This repository is a simple demonstration of reinforcement learning using Q‑learning.
-
Environment
The environment is modeled as a N×M grid.- Agent Positioning: The agent’s state is its current position on the grid, defined as a tuple
(row, column). - Movement Rules:
- The agent can move one step at a time in one of four directions: Up, Down, Left, or Right.
- The goal is to reach the center of the grid.
- If the agent moves out of bounds, the episode fails.
- Agent Positioning: The agent’s state is its current position on the grid, defined as a tuple
-
Agent
The agent is built using a Q‑learning algorithm with an epsilon‑greedy action selection strategy.-
Q‑Learning Update Rule:
The update rule is given by:Q(s, a) ← Q(s, a) + α · (r + γ · maxₐ' Q(s', a') − Q(s, a))- α (alpha): Learning rate.
- γ (gamma): Discount factor for future rewards.
-
The agent learns to choose actions based on its Q‑table, which estimates the expected reward for each (state, action) pair.
-
-
Trainer
The Trainer module runs the training loop where:- The environment is reset at the beginning of each episode.
- The agent interacts with the environment step-by-step.
- The agent receives rewards and updates its Q‑table via the Q‑learning update rule until it either reaches the center or goes out of bounds.
-
Server
The server uses Actix‑web to expose a REST API endpoint that provides access to the agent’s learned Q‑table (or can be extended to serve predictions).

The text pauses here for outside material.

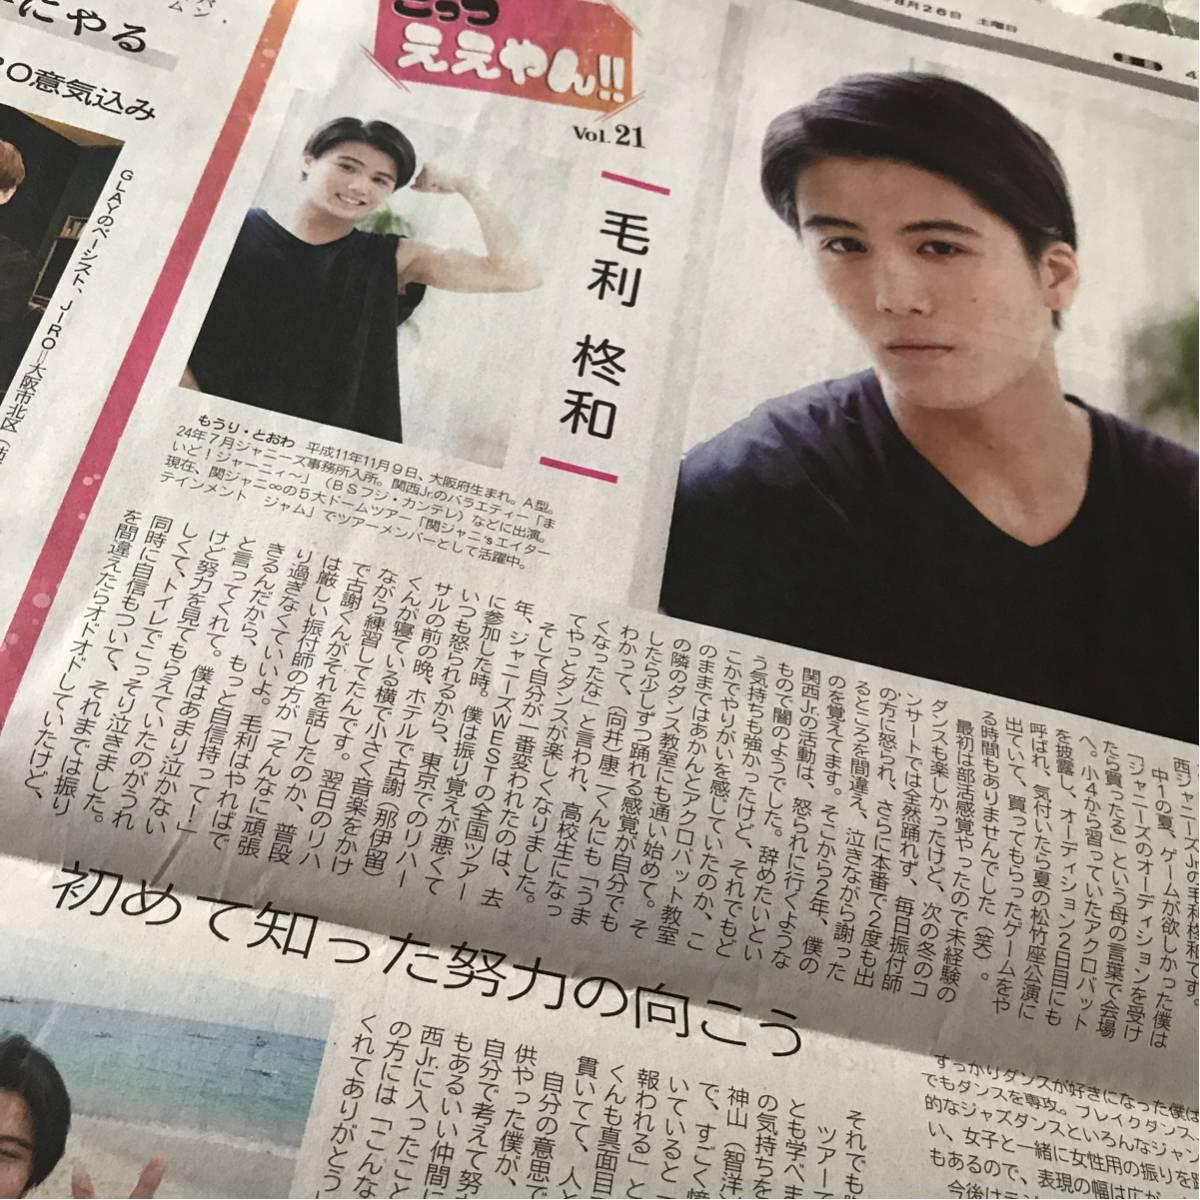 8.26 産経新聞 夕刊関西ジャニーズJr.ごっつええやん!! 毛利柊和

This is useful for demonstration and observation of how the agent makes decisions.
src/agent.rs– Contains the implementation of the Q‑learning agent.src/environment.rs– Contains the simulation of the environment and its actions.src/train.rs– Contains the trainer that handles the training loop.src/bin/train.rs– A binary for training the agent.src/bin/server.rs– A binary for running the REST API server.
- Rust (latest stable version)
- Cargo
Clone the repository and navigate to its directory, then build with Cargo:
git clone https://github.com/your-org/rust_rl.git
cd rust_rl
cargo build --releaseYou can train the agent by running the training binary. This will run the training loop for a specified number of episodes and save the resulting Q‑table as a CSV file.
cargo run --bin train --releaseAfter training, the Q‑table is saved to a CSV file (e.g., data/q_table.csv) and printed on the terminal.
After training (or if you load a saved Q‑table), you can start the server. The server exposes a /q_table endpoint that returns the agent’s Q-table
cargo run --bin server --releaseAccess the server by opening your browser or using a tool like curl:
curl "http://127.0.0.1:8080/q_table"